Irene was born in Benwood and had seven siblings. Her mother died when she was eight, and, while living with a sequence of relatives, Irene became a skilled practitioner of petty theft. She got married at age 15 to a man named Donald Shrader (Irene later changed the spelling to Schroeder to throw the police off course.) and had a son they named Donnie, but they divorced after 18 months of marriage. At age 20, Irene took a job in Wheeling as a waitress in one of the many diners that had sprung up in the Wheeling area.

“I swear I have seen her in here,” exclaimed one of the boys in Tom’s store one afternoon as he tapped the newspaper that carried a picture of Irene. “Right Mr. Minns?”

“Don’t ask me Bobby,” replied Tom with a smile. “Chances are I didn’t see her.”

Tom had been blind since he was a small boy.

It was different with Glen Dague. A number of the young men in the store were certain that they knew him. Dague, a World War I veteran, was a used car salesman, a Sunday school teacher at Steenrod Methodist Episcopal Church and, even more interesting, a Boy Scout leader.

“I remember him from our Pack meetings,” one young man said firmly.

“He was supposed to take us camping,” said another.

“Don’t be stupid,” interrupted a third boy. “He lives someplace out the Pike.
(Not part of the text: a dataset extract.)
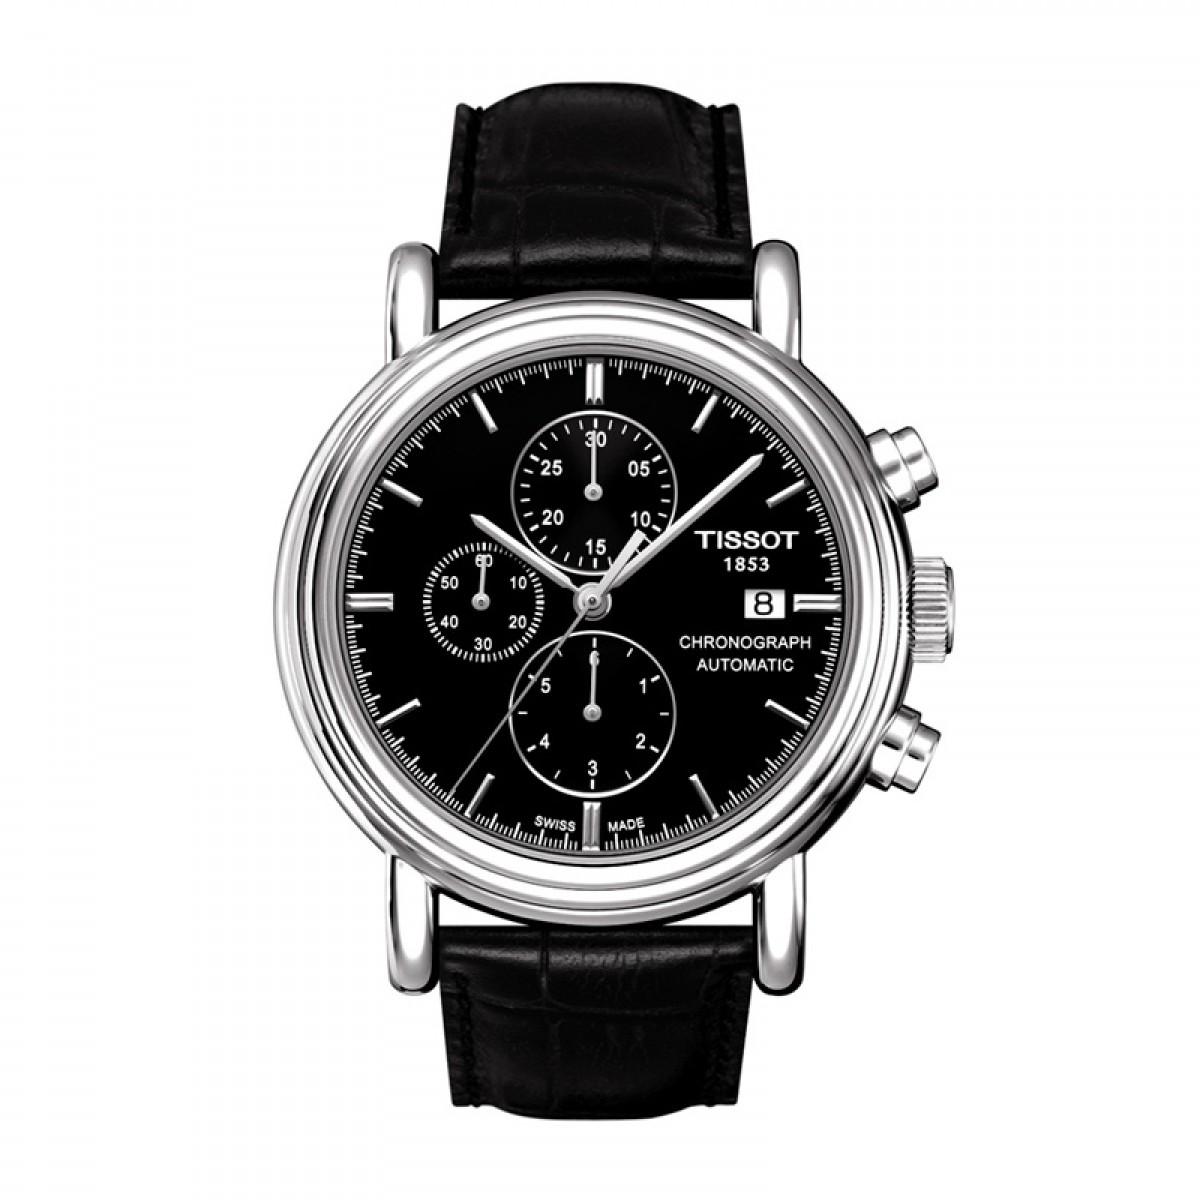 Часовник Tissot T068.427.16.051.00

What would he be doing down here?”

“He never really seemed that happy,” a lad unconvinced by the “out-the-Pike” argument said.

Dague, 33, was married and had two children in 1929, when he met Irene one day over lunch in the Princess Restaurant in Elm Grove where she worked. They struck up a conversation. Then, they struck up a more serious relationship. Then, Dague moved out of his family’s home and in with Irene—an action that, when it became widely known, drew a prompt dismissal from his job, his scouting duties, his Sunday school obligations, and the affections of his wife.

“She used to wait on my dad,” a loafer explained after reading a newspaper story about the infamous pair. “He said she was a flirt.”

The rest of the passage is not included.